W I T N E S S E T H :
WHEREAS, the Grantor, the Lenders and the Administrative Agent
are parties to the Credit Agreement, pursuant to which the Lenders have made
extensions of credit to, or for the benefit of the Borrower;
WHEREAS, in connection with the Credit Agreement, the Grantor
has entered into the Patent and Trademark Security Agreement in favor of the
Administrative Agent for the ratable benefit of the Lenders;
WHEREAS, the Grantor has agreed to amend certain schedules
annexed to the Patent and Trademark Security Agreement as set forth in this
Amendment.
NOW, THEREFORE, IT IS AGREED:
1. Defined Terms. As used in this Amendment, capitalized terms
that are used herein without being defined shall have the meaning assigned
thereto in the Patent and Trademark Security Agreement.

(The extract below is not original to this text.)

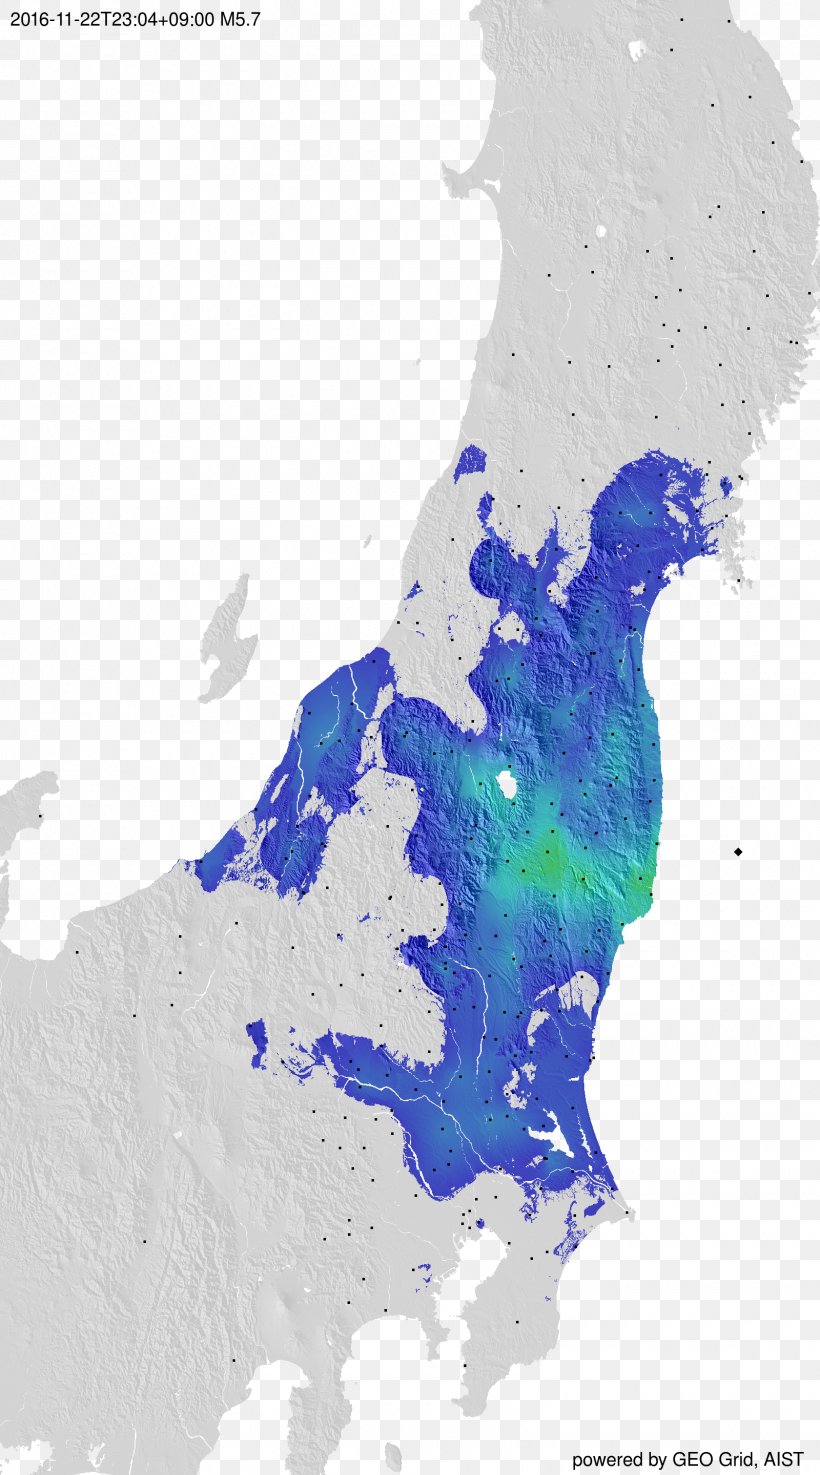 Water Map Tuberculosis Kanto, PNG, 1600x2880px, Water, Kanto, Map, Tuberculosis, World Download Free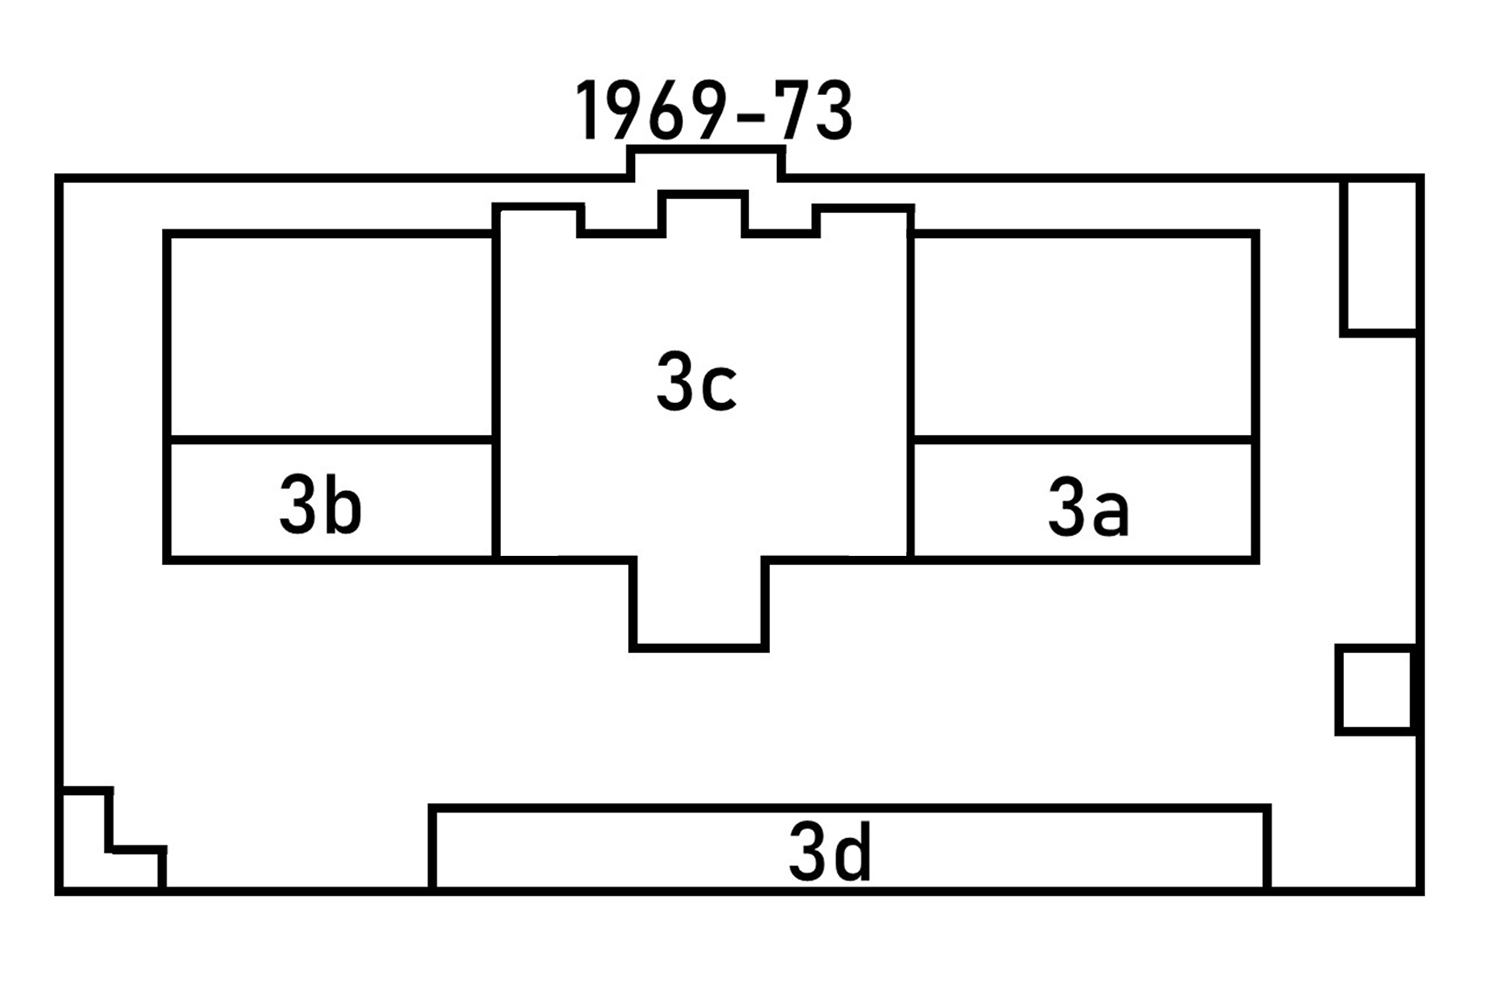 The design evolution of the Grand Mosque of Niono

2. Amendment to Schedule I. Schedule I to the Patent and
Trademark Security Agreement is hereby amended by deleting Schedule I in its
entirety and inserting in lieu thereof the new Schedule I annexed hereto as
Exhibit A.
3. Amendment to Schedule II. Schedule II to the Patent and
Trademark Security Agreement is hereby amended by deleting Schedule II in its
entirety and inserting in lieu thereof the new Schedule II annexed hereto as
Exhibit B.
4. Conditions to Effectiveness. This Amendment shall become
effective as of the date first set forth above (the "Amendment Effective Date")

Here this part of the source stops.